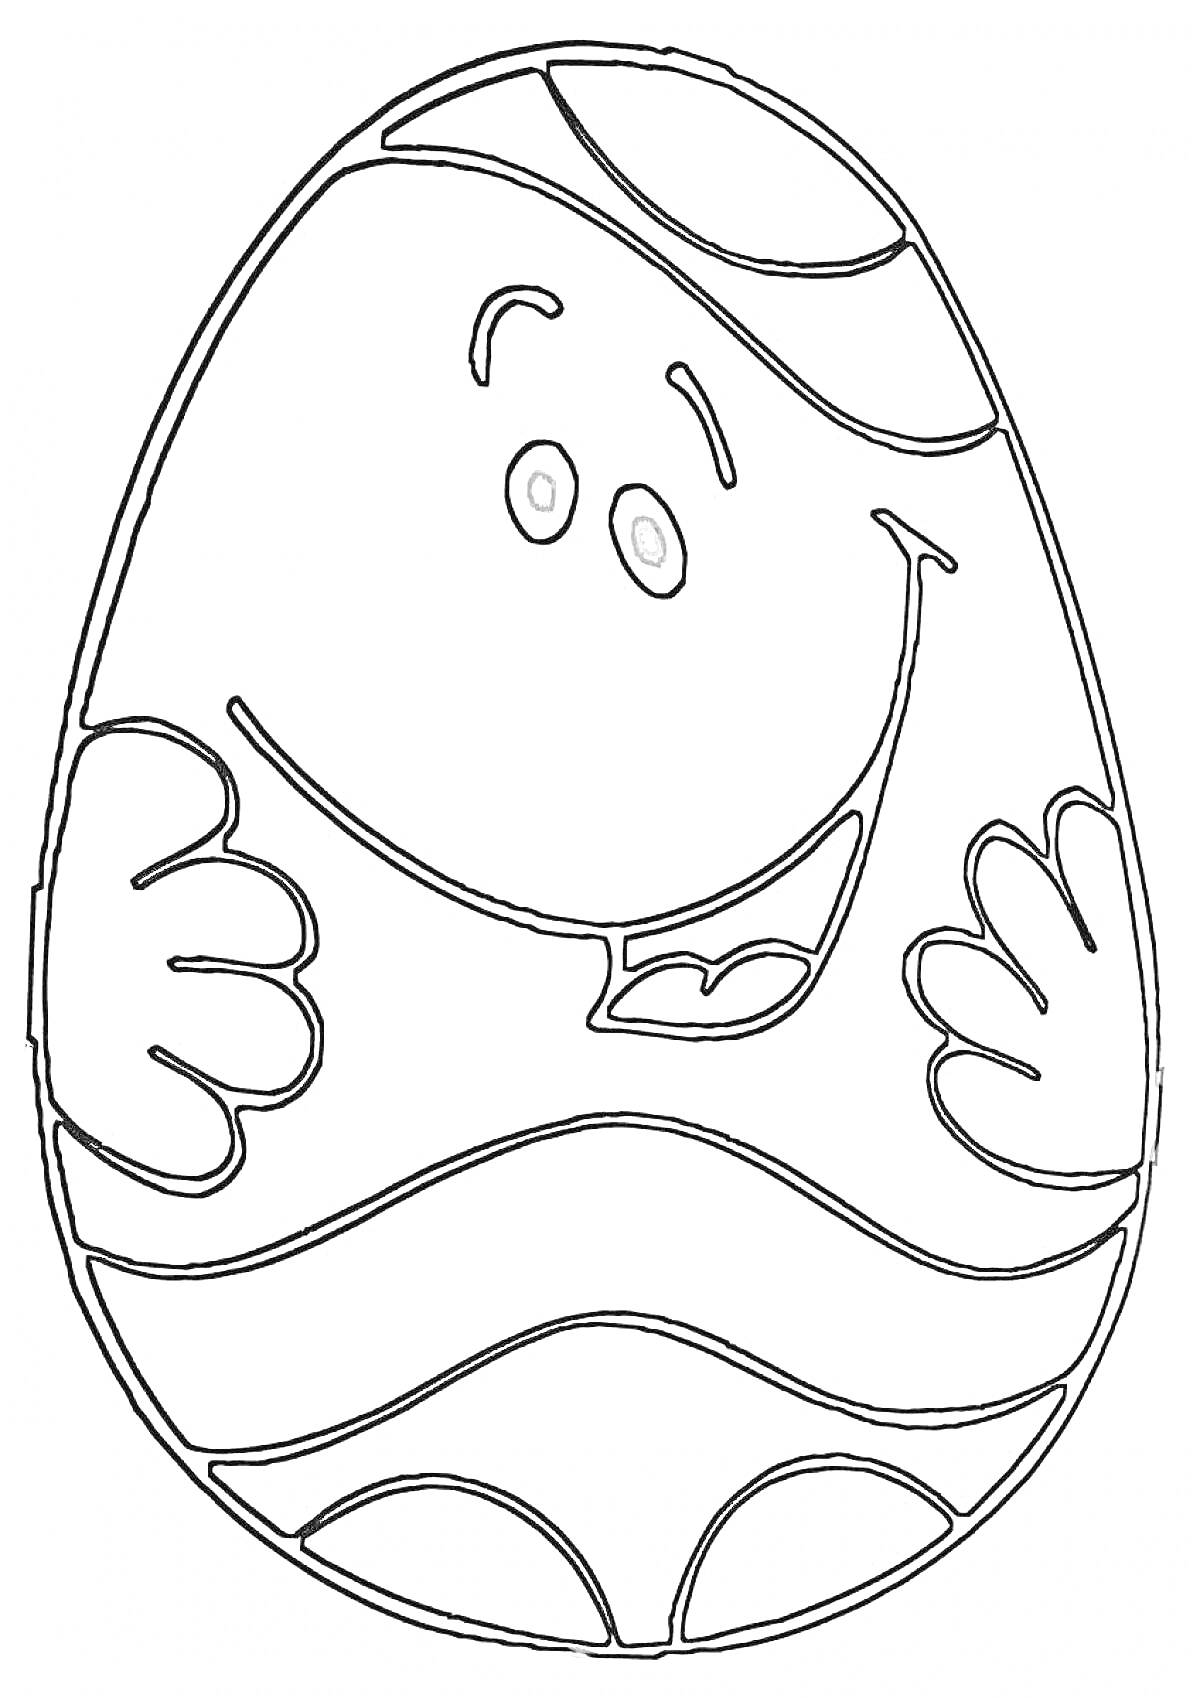 Яйцо Киндер с лицом и руками
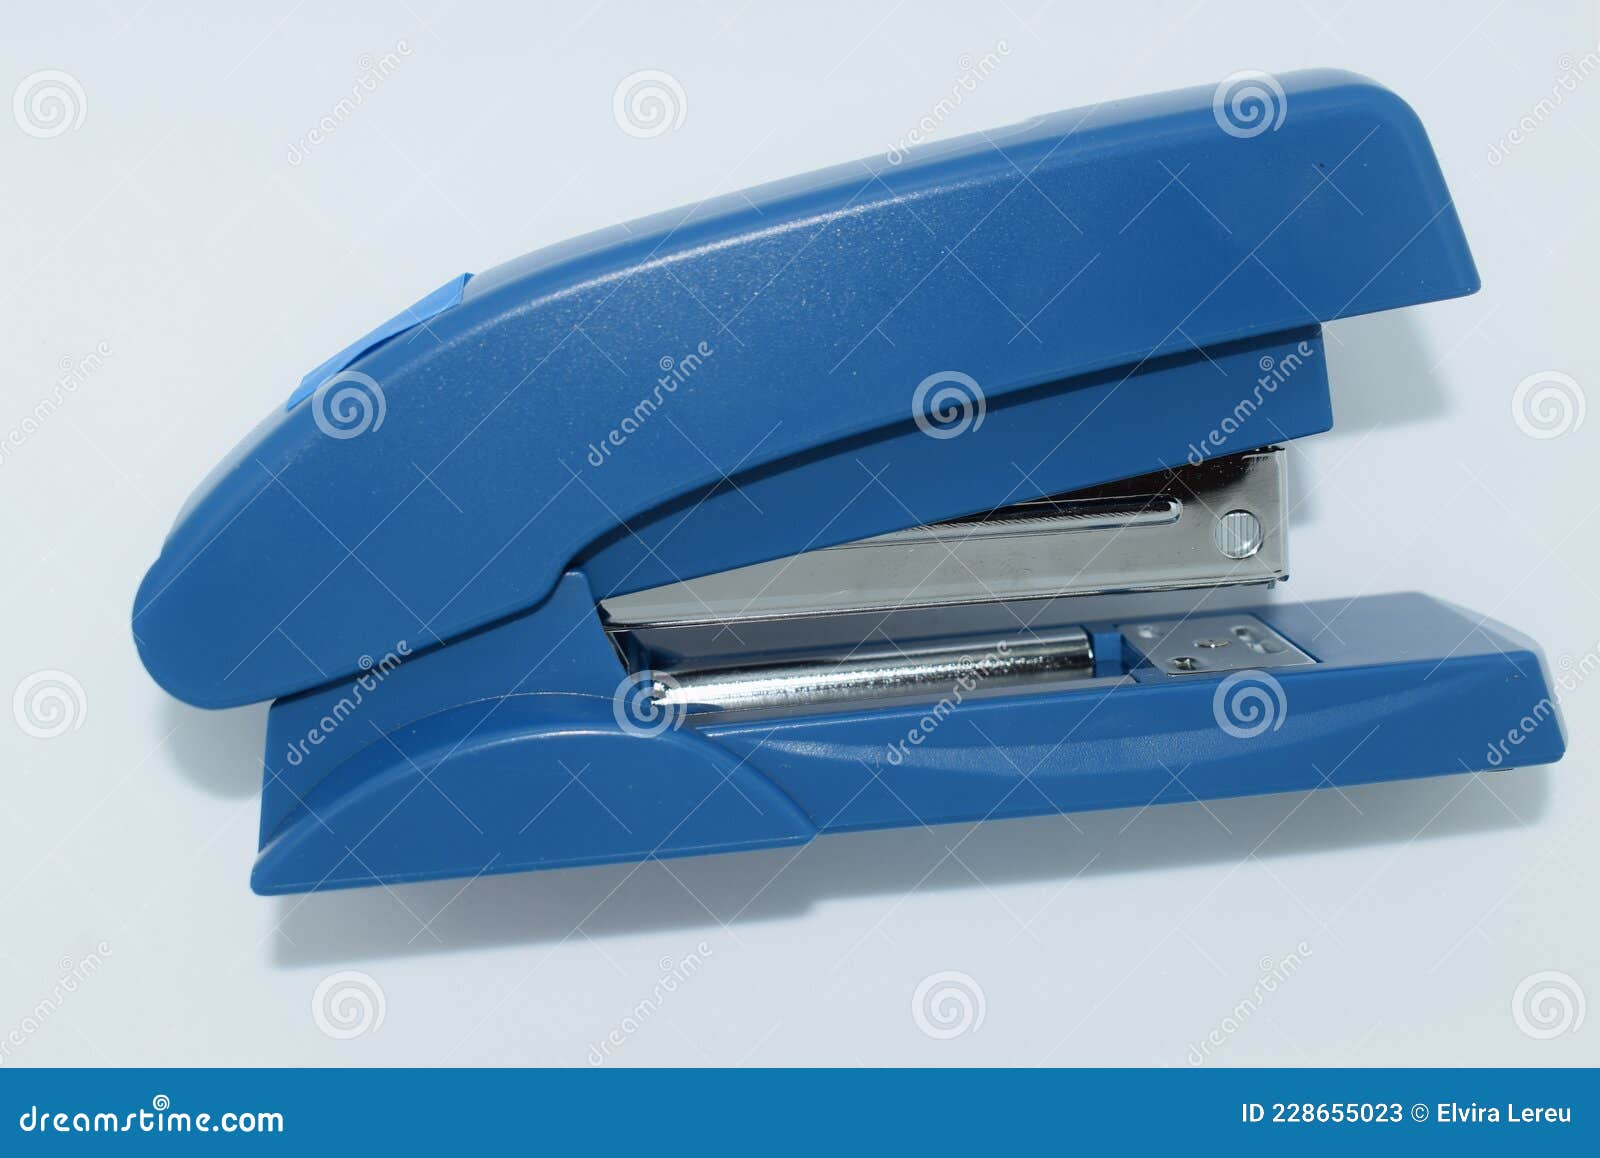 Grapador De Oficina En Material De Trabajo Color Azul de archivo - Imagen de herramienta, aplanamiento: 228655023
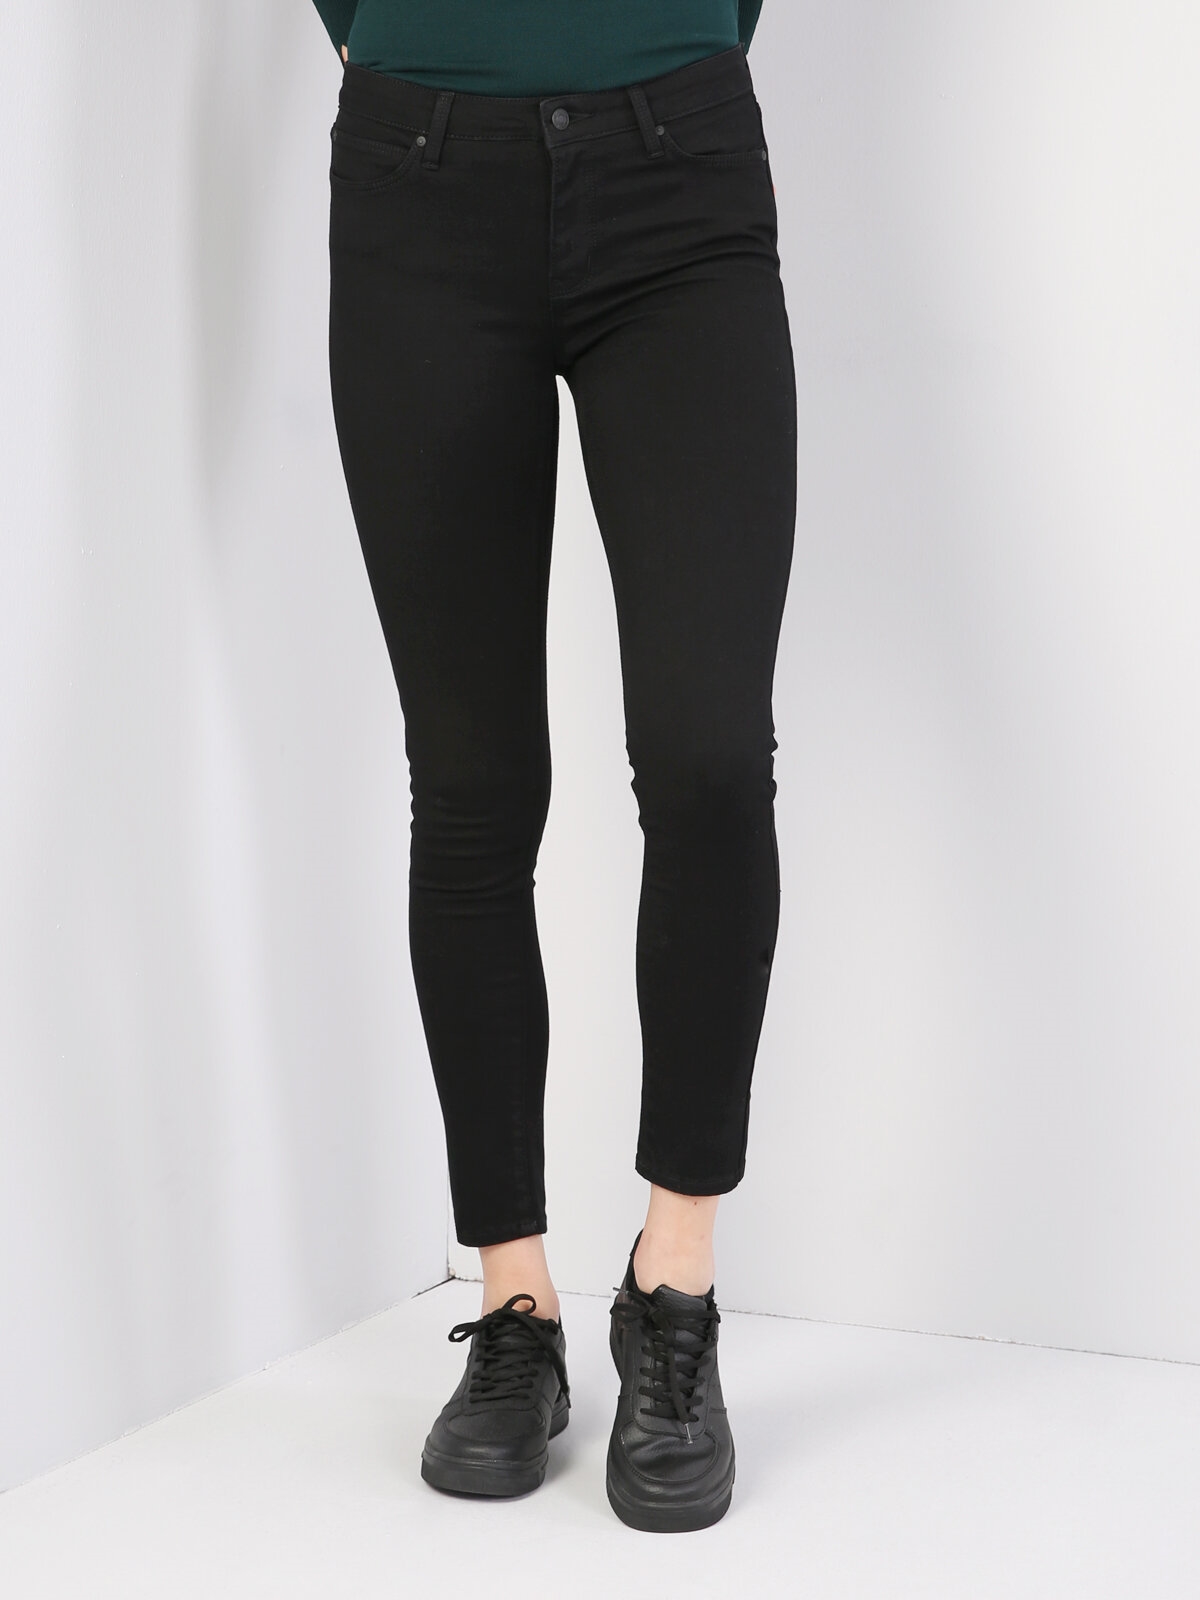 Afficher les détails de 759 Lara Pantalon En Jean Noir Taille Moyenne À Jambe Étroite Et Coupe Super Slim Pour Femme
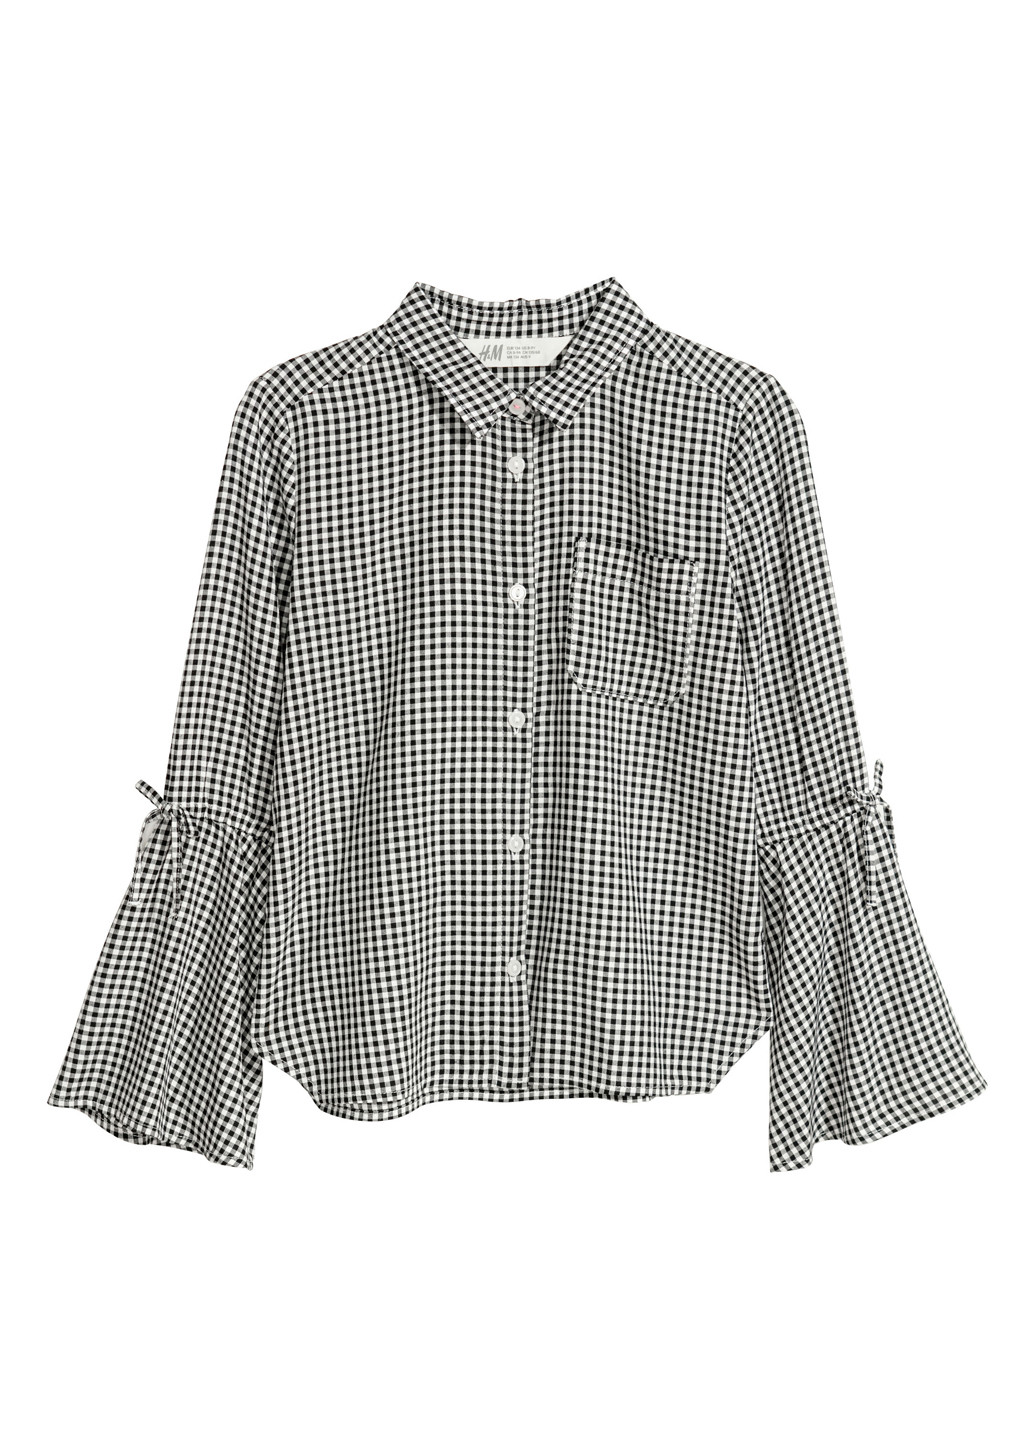 Черно-белая блузка с длинным рукавом H&M демисезонная

• **What is expected**: Your answer must be the full listing, reproduced word for word, without its pictures.

• **Reply**:
 Яйцо Киндер с лицом и руками
 Grapador De Oficina En Material De Trabajo Color Azul de archivo - Imagen de herramienta, aplanamiento: 228655023
 Afficher les détails de 759 Lara Pantalon En Jean Noir Taille Moyenne À Jambe Étroite Et Coupe Super Slim Pour Femme
 Черно-белая блузка с длинным рукавом H&M демисезонная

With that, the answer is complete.